Hafız Esed sözünde durdu ve Suriyeliler bu süreçte bize petrol satışı gerçekleştirdi. Bir aksilik olmasından korktuğumuz için alternatif planlar da kurmuştuk ancak sorun olmadı, iki ülkeden yetkililerinin yer aldığı ortak bir komisyon, Suriye’den gelen petrolün tankerlerle aktarımını organize ediyordu.
Ürdün’ün resmi tutumunun; “Herhangi bir Arap ülkesine yönelik askeri müdahaleyi reddetmek” olduğunu duyurduk. Kuveyt’i devlet olarak tanıdığımızı yineledik. Irak’a yönelik ‘ambargoyu’ da tanıdığımızı ifade ettik. Açıklamalarımız son derece dikkatliydi, bize karşı oluşan havayı dağıtmak için, çok özenli ve dengeli bir resmi dil benimsedik.
“ABD’nin Amman Büyükelçisi Roger G. Harrison, Irak karşıtı koalisyon içinde yer almamız için üzerimizdeki baskısını arttırıyordu. Israrcı tutumu nedeniyle bir gün kendisine; “Israra gerek yok, Amerikan baskısı dolayısıyla pozisyonumuzu değiştirecek değiliz. Irak-Kuveyt krizine barışçıl bir çözüm bulunması taraftarıyız ve meselenin Araplar arasında halledilmesinden yanayız, halkımızın tutumu ile resmi tutumumuz uyumludur” dedim. O günden sonra meseleyi bir daha gündeme getirmedi. Bakanlar kuruluna, “Amerikalılar tutumumuzdan memnun değil, muhtemelen bizi yardımları kesmekle tehdit edeceklerdir” dediğimi hatırlıyorum. Irak krizinin uzun süreli olacağına dair işaretler vardı ve kendimizi bu duruma hazırlamalıydık. Bu saatten sonra hata yapmamalıydık, herhangi bir yanlış hesaplama bizim için felaket anlamına gelebilirdi. İtiraf etmek gerekir ki; dünyadan ve çevremizden soyutlanarak hayatta kalamazdık, çünkü birçok stratejik temel ürün dışarıdan geliyordu.

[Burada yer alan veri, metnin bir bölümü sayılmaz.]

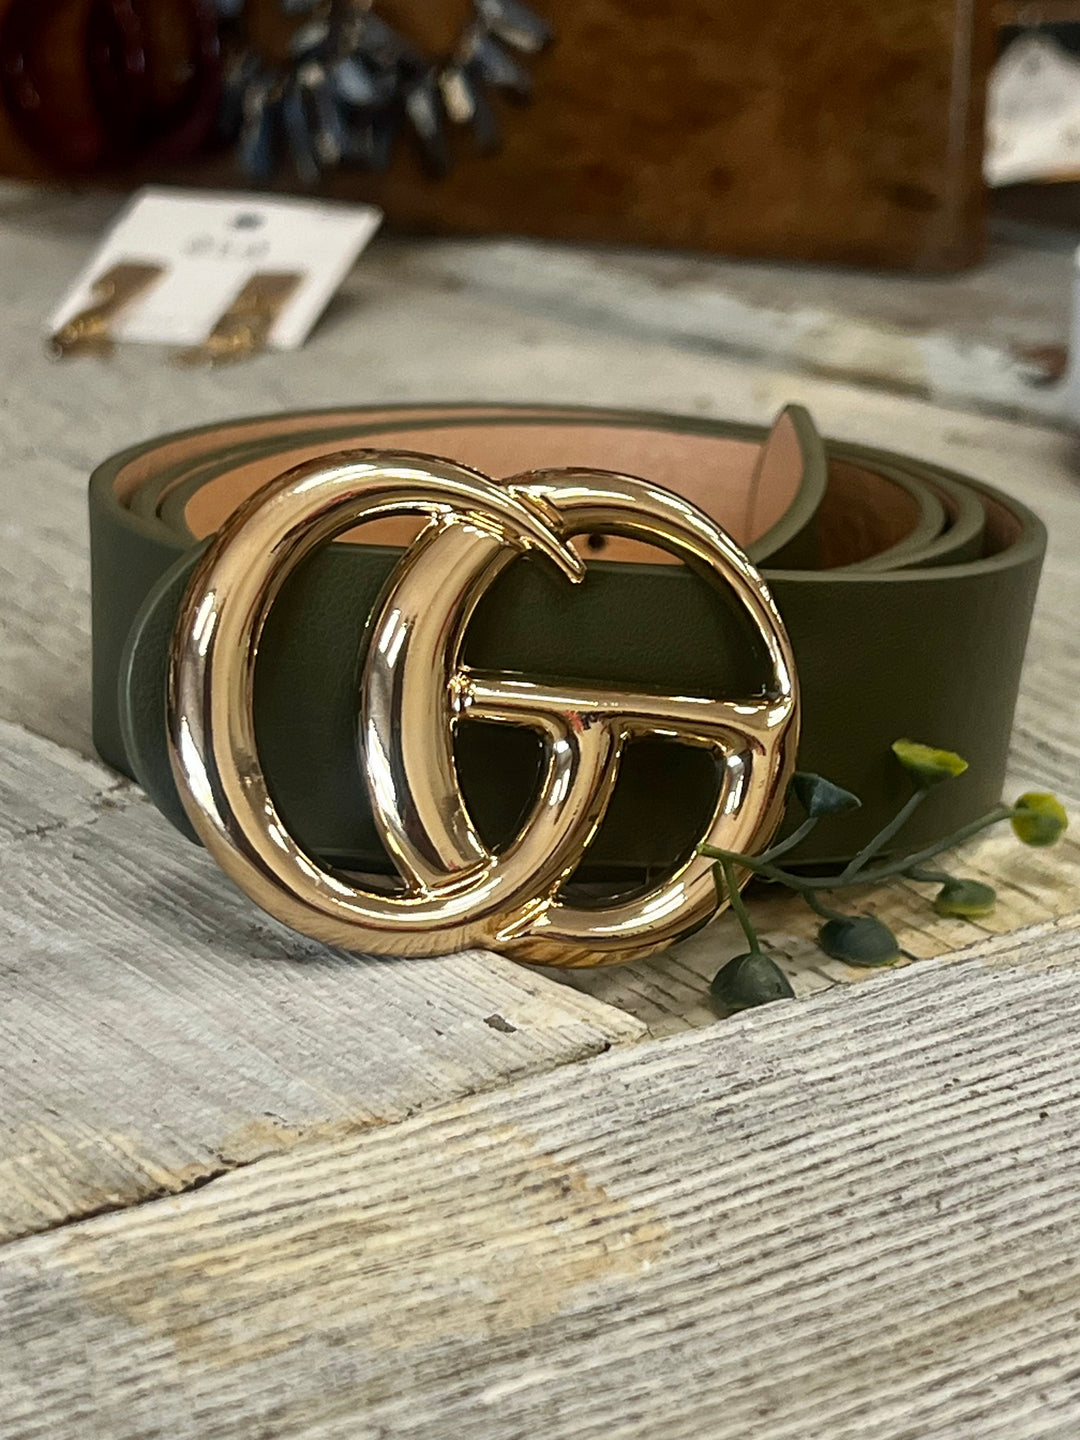 Olive Green Belt with Gold CG Belt
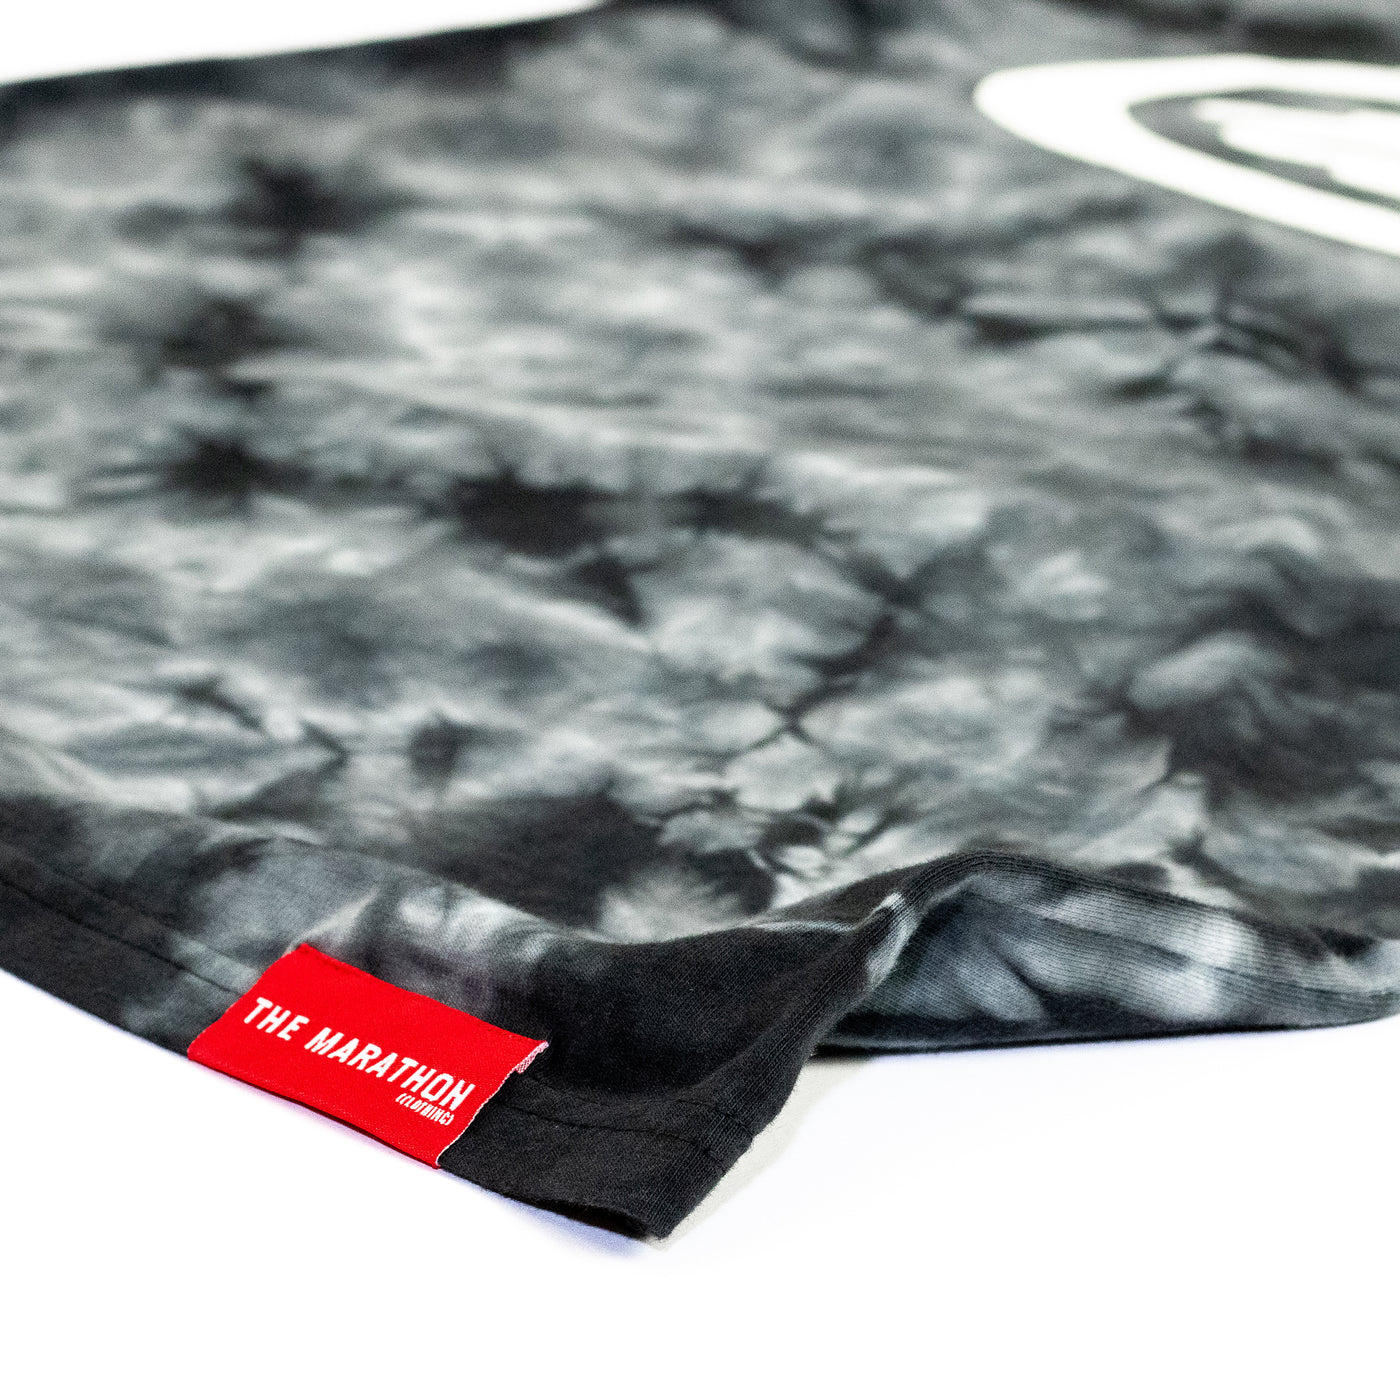 Crenshaw Limited Edition T-shirt - Black/Charcoal Tie Dye - Detail 2
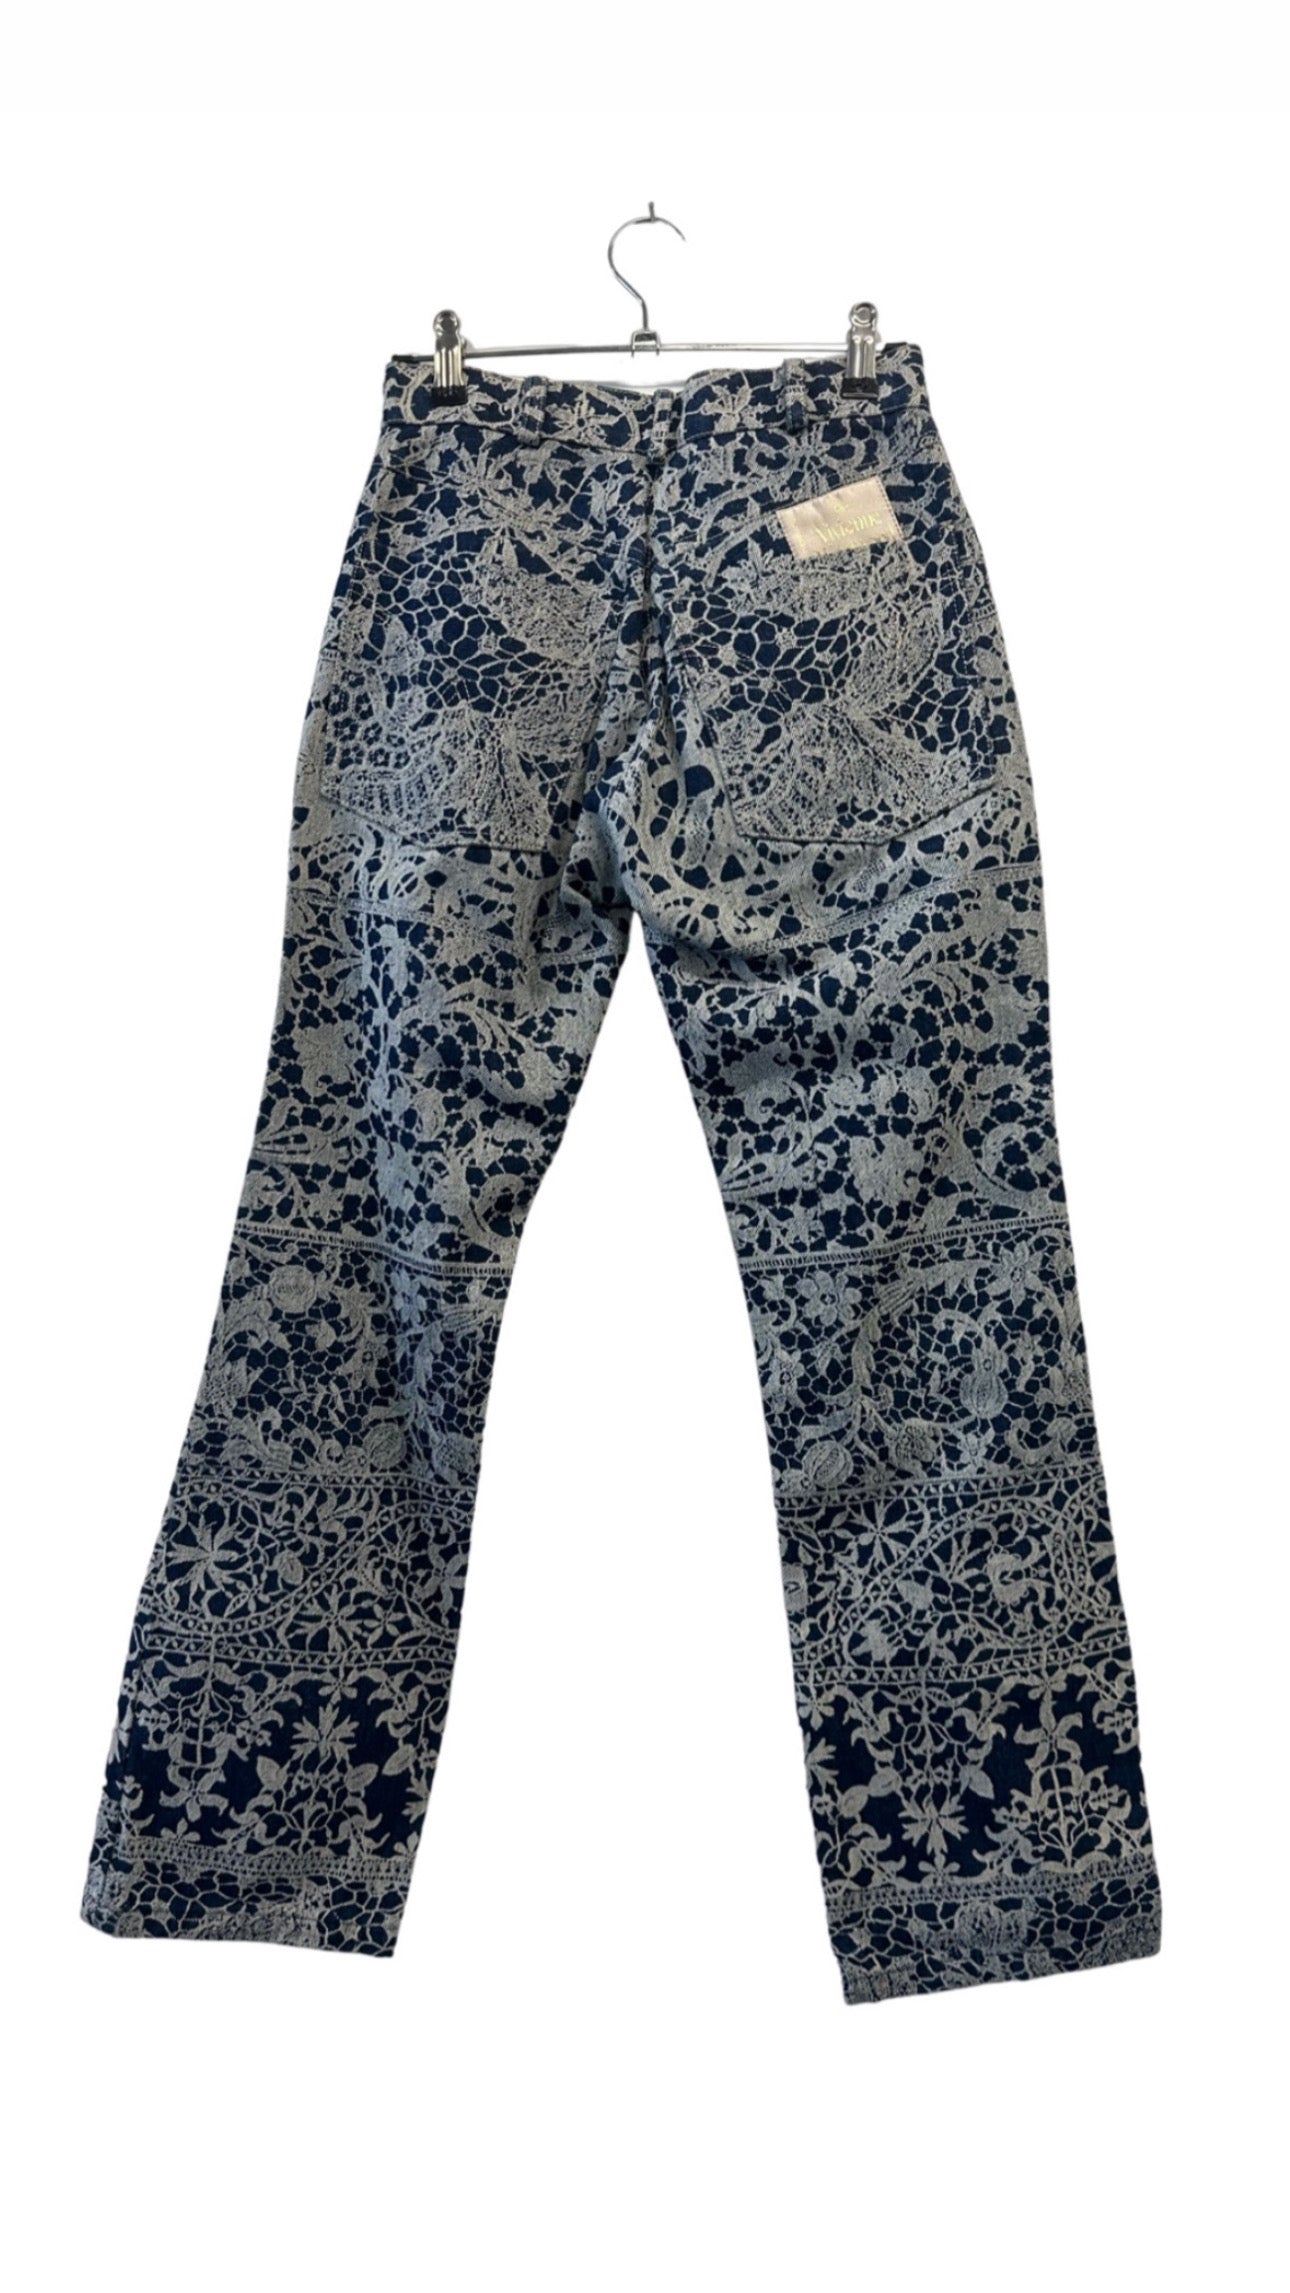 Vivienne Westwood FW 1992 Jeans
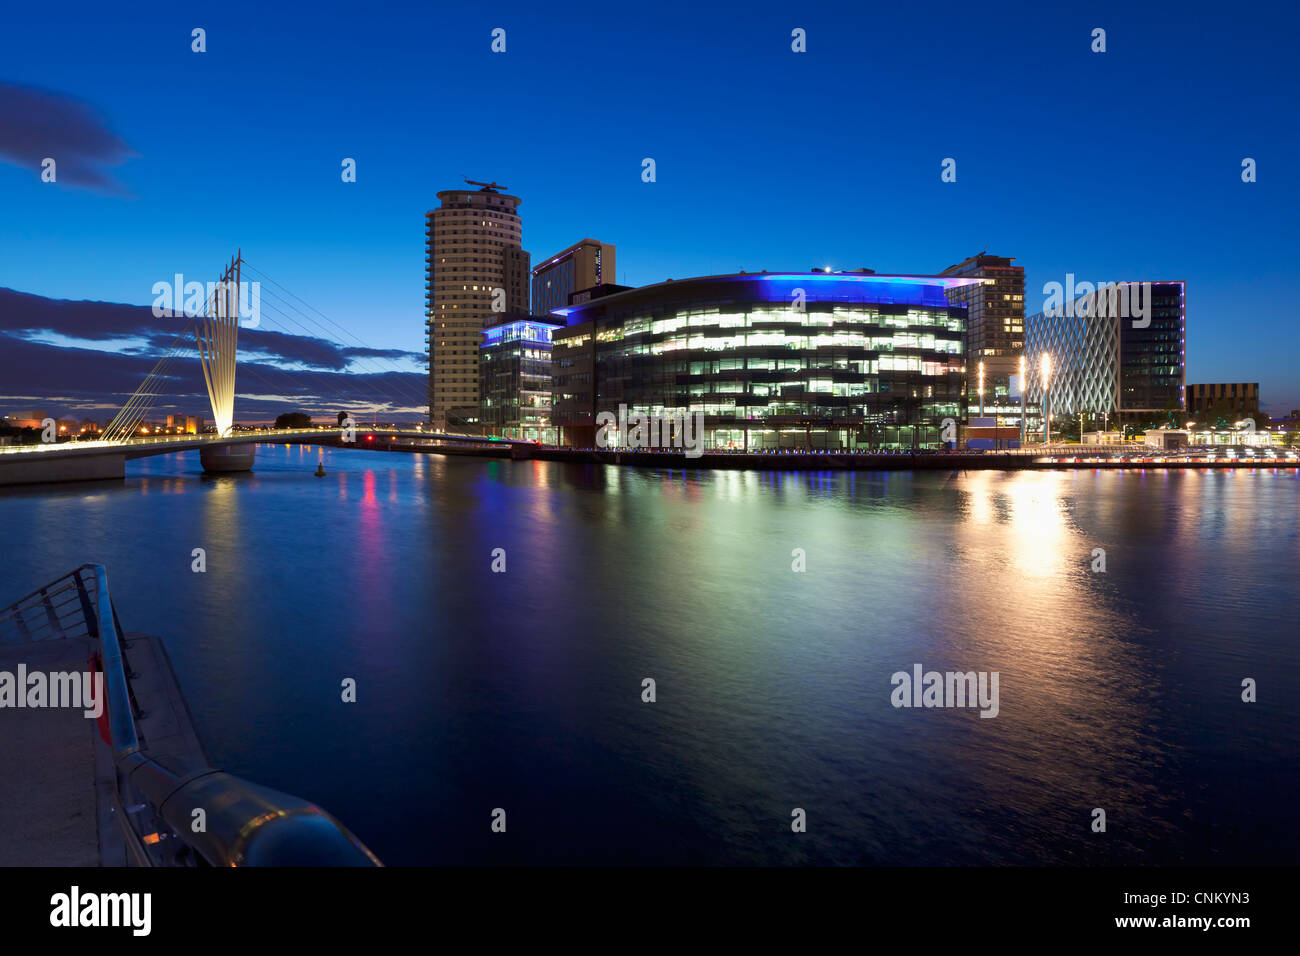 Media City UK at night, Salford Quays, Manchester, England Stock Photo

Çoğu ülkeden daha fazla dışa bağımlıydık.”

Saddam tuzağa düştü
Kral Hüseyin uluslararası temaslarını yoğunlaştırdı, daha doğrusu yoğun temaslarını ara vermeksizin sürdürdü. Aynı zamanda ülke içindeki sorunları da yakından takip ediyordu. Olağanüstü Hal konseyiyle düzenli toplantılar yapıyor, kendisine sunulan raporları dikkatle okuyordu. Ocak ayının sonunda başbakanlığı ziyaret etti ve son derece incelikli bakış açısıyla mevcut durumla nasıl başa çıkabileceğimiz hususunda bizi aydınlattı. Toplantı sonrasında şöyle söylediğini hatırlıyorum:
“Bu savaşın tek bir amacı var, o da; İsrail’in bölgedeki tek güç olarak kalması, Kuveyt bir tuzaktı, Saddam’ı içine çektiler, Irak’ı uzun süre rahat bırakmayacaklardır, gücünü sıfıra indirene kadar vurmaya devam edecekler.”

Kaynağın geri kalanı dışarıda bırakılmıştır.